HOW TO COMPLETE THIS TASK: Omit all pictures. Copy exactly the lines from the line containing "Samuel Maduro y" to the end of the listing, with both ends included.

THE DATA:
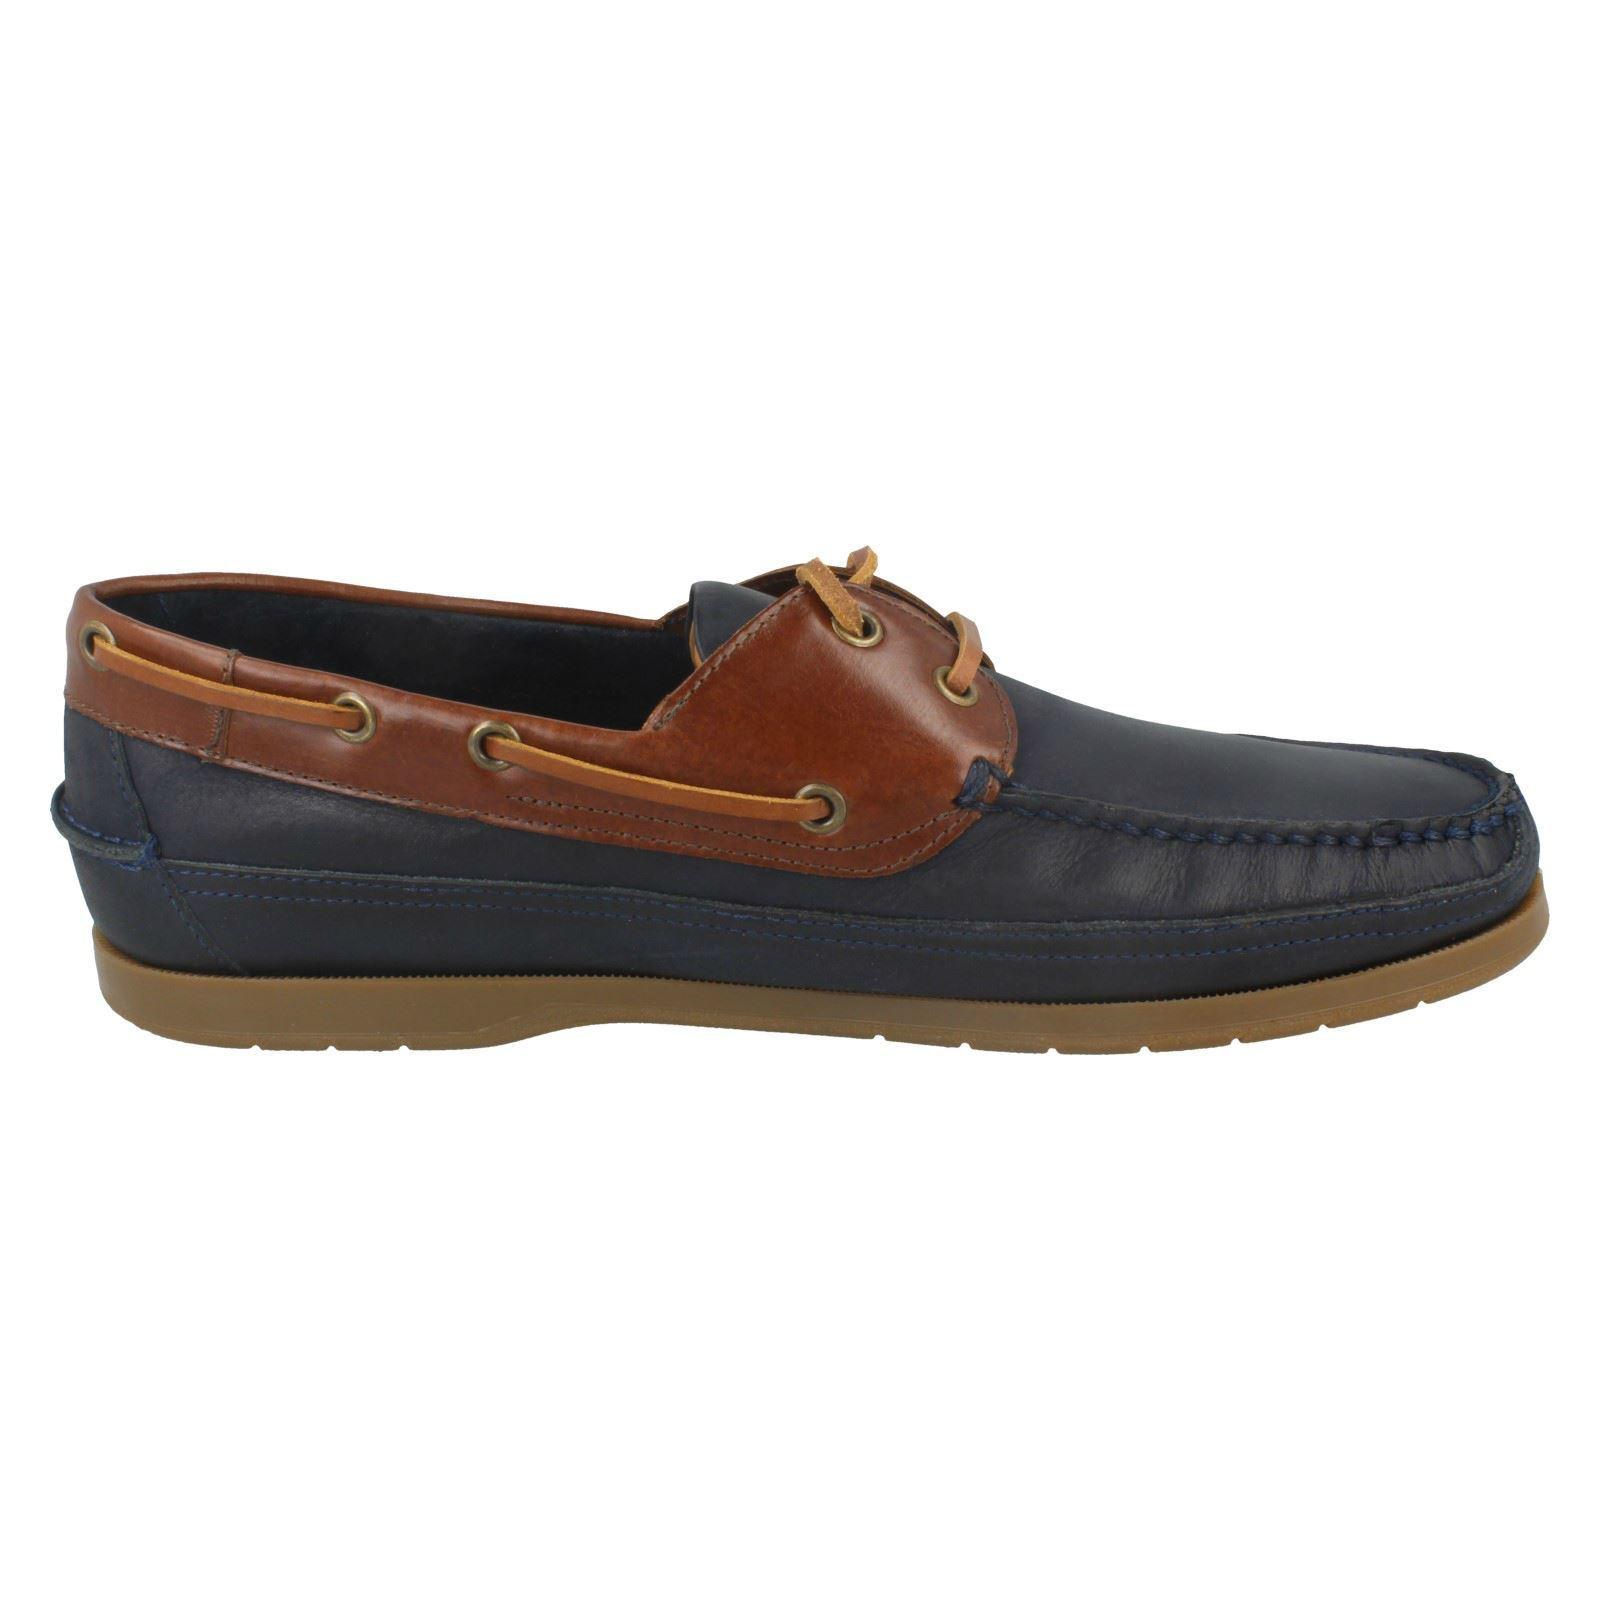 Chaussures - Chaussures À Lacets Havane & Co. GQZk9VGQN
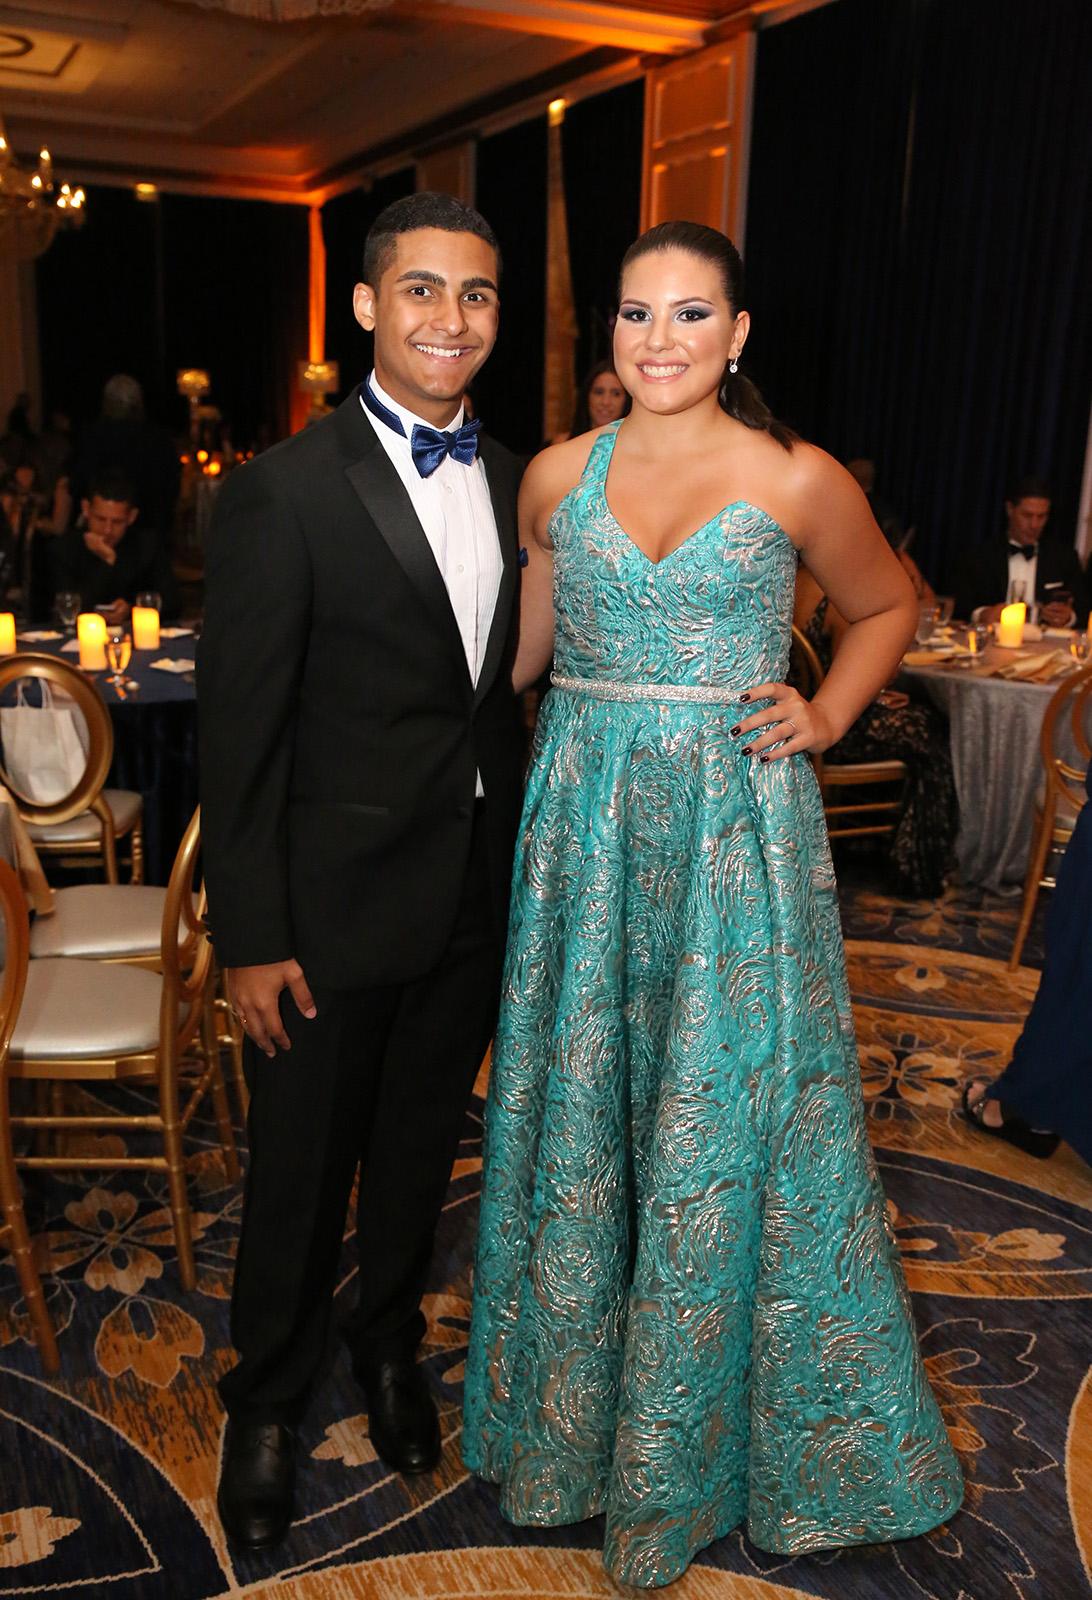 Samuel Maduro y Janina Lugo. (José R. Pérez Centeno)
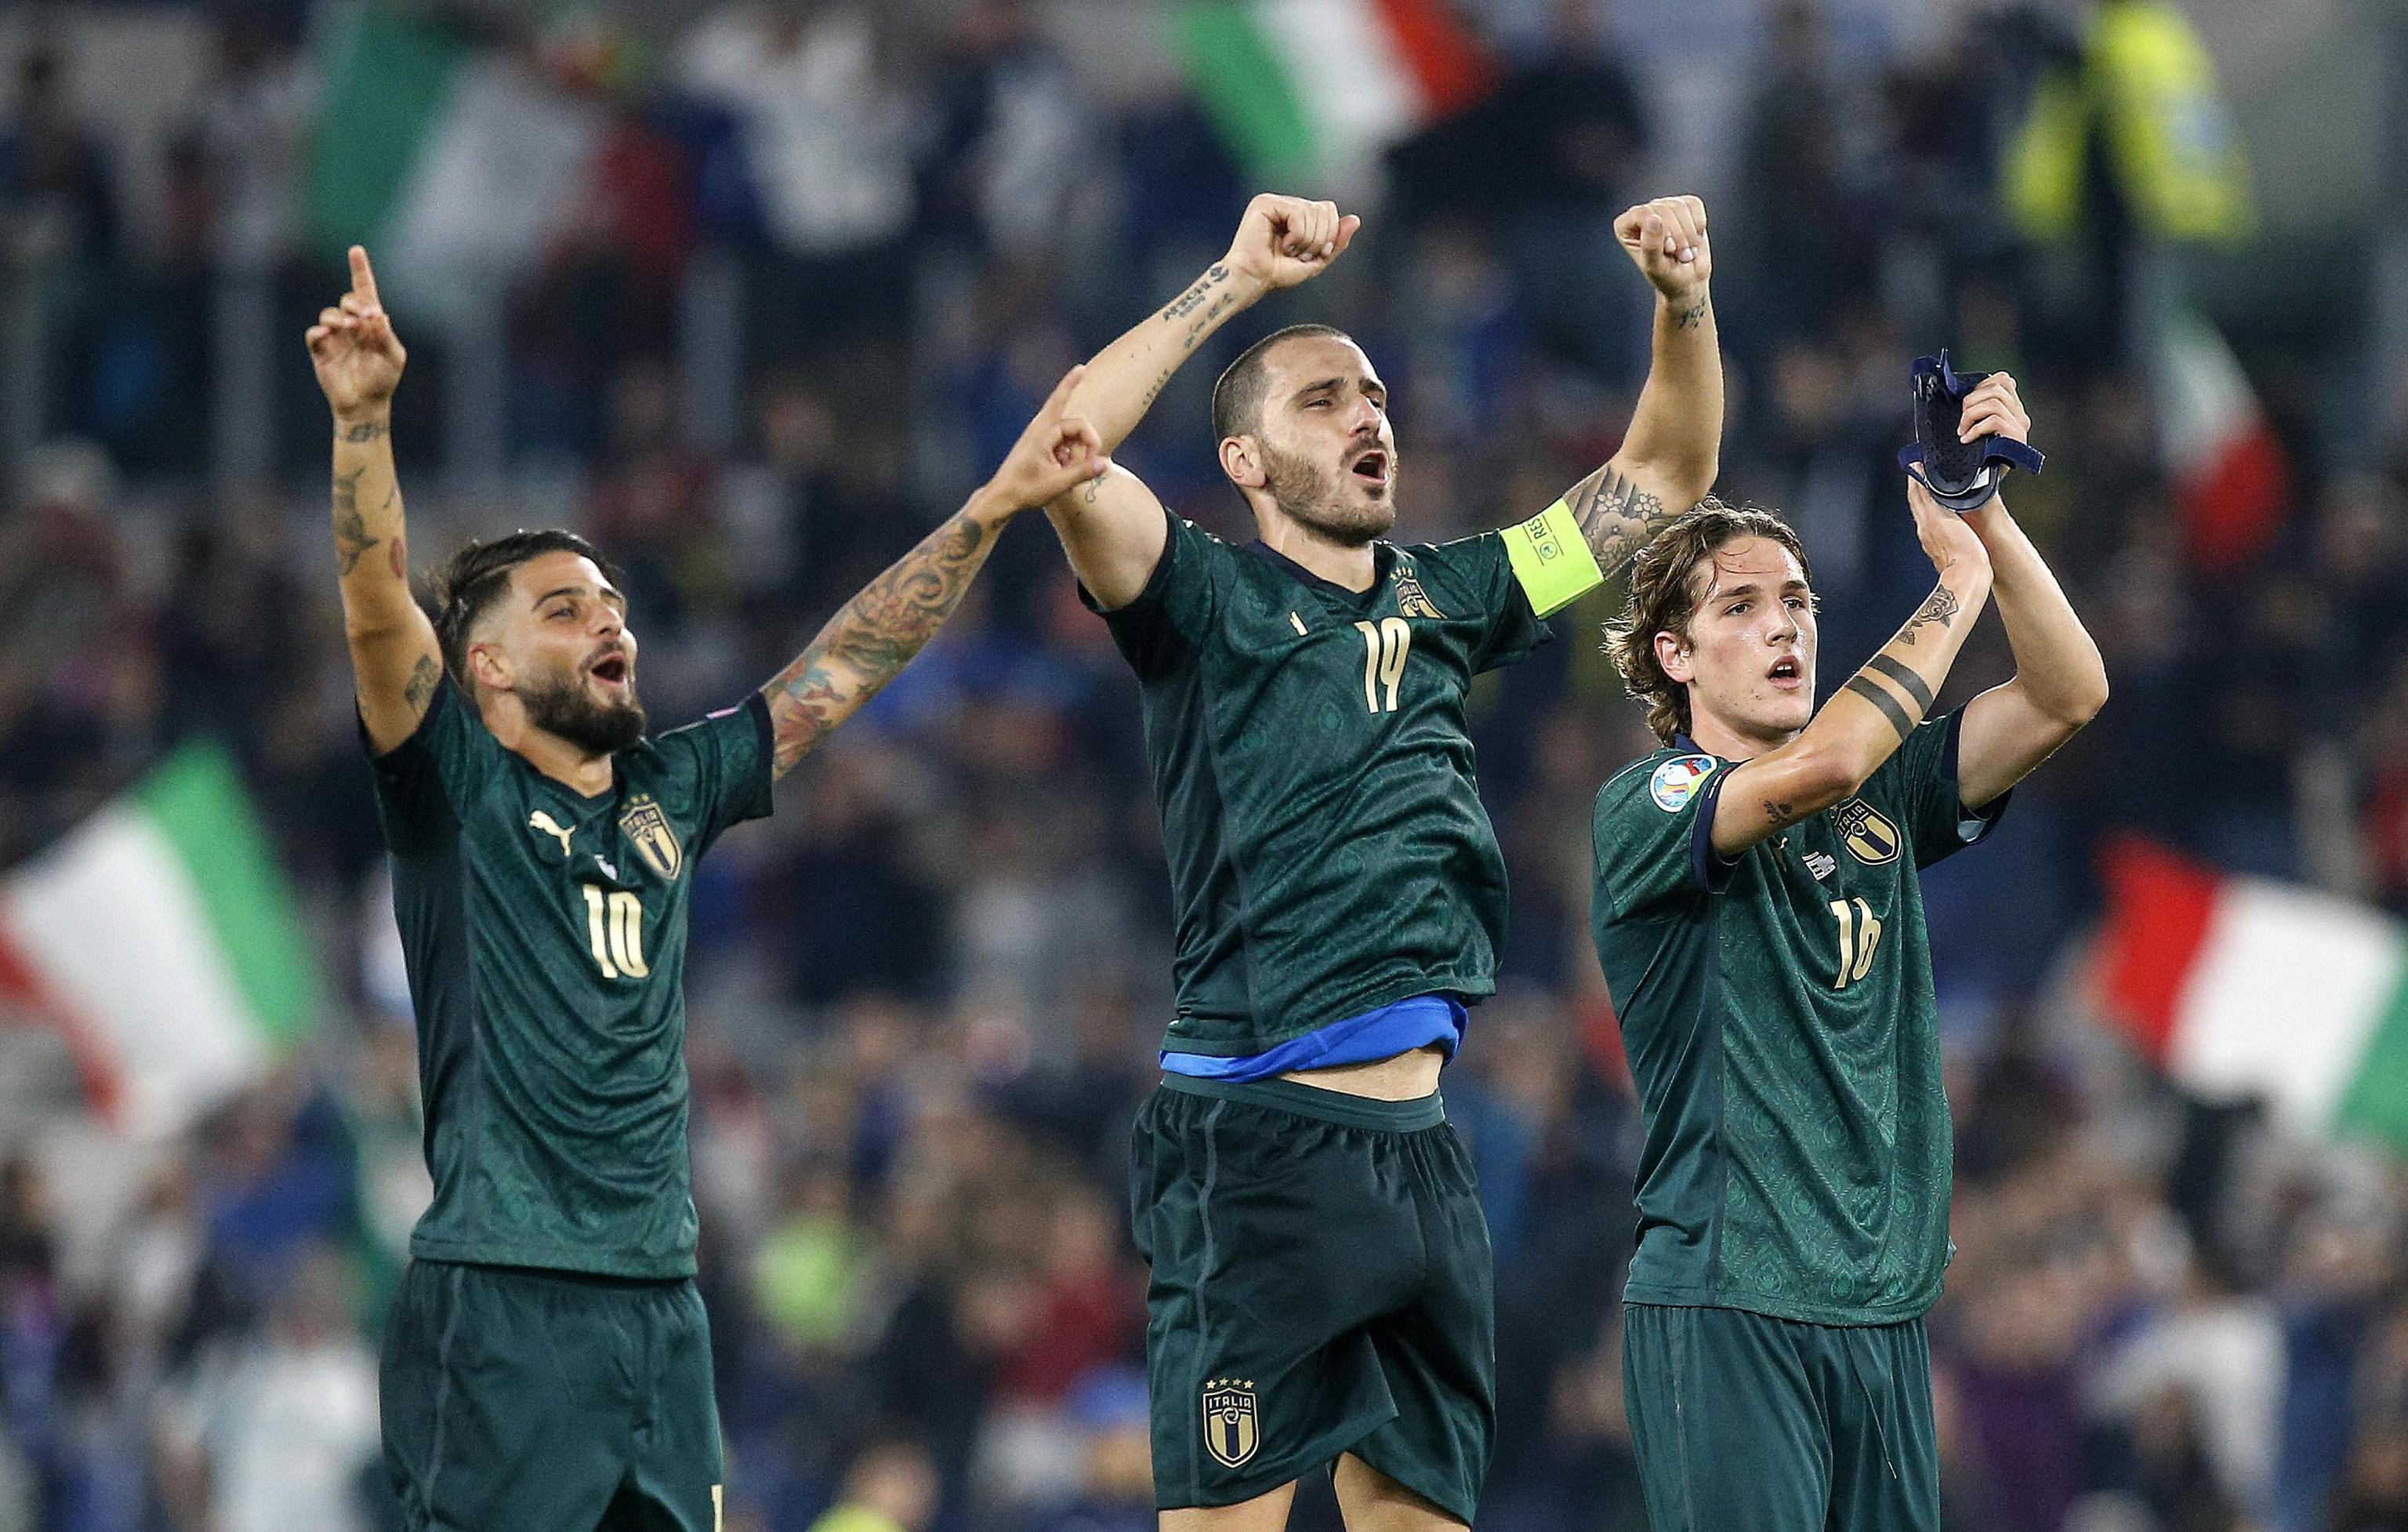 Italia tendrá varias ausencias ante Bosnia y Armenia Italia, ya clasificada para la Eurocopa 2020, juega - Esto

TASK OUTPUT:
 Samuel Maduro y Janina Lugo. (José R. Pérez Centeno)
 Italia tendrá varias ausencias ante Bosnia y Armenia Italia, ya clasificada para la Eurocopa 2020, juega - Esto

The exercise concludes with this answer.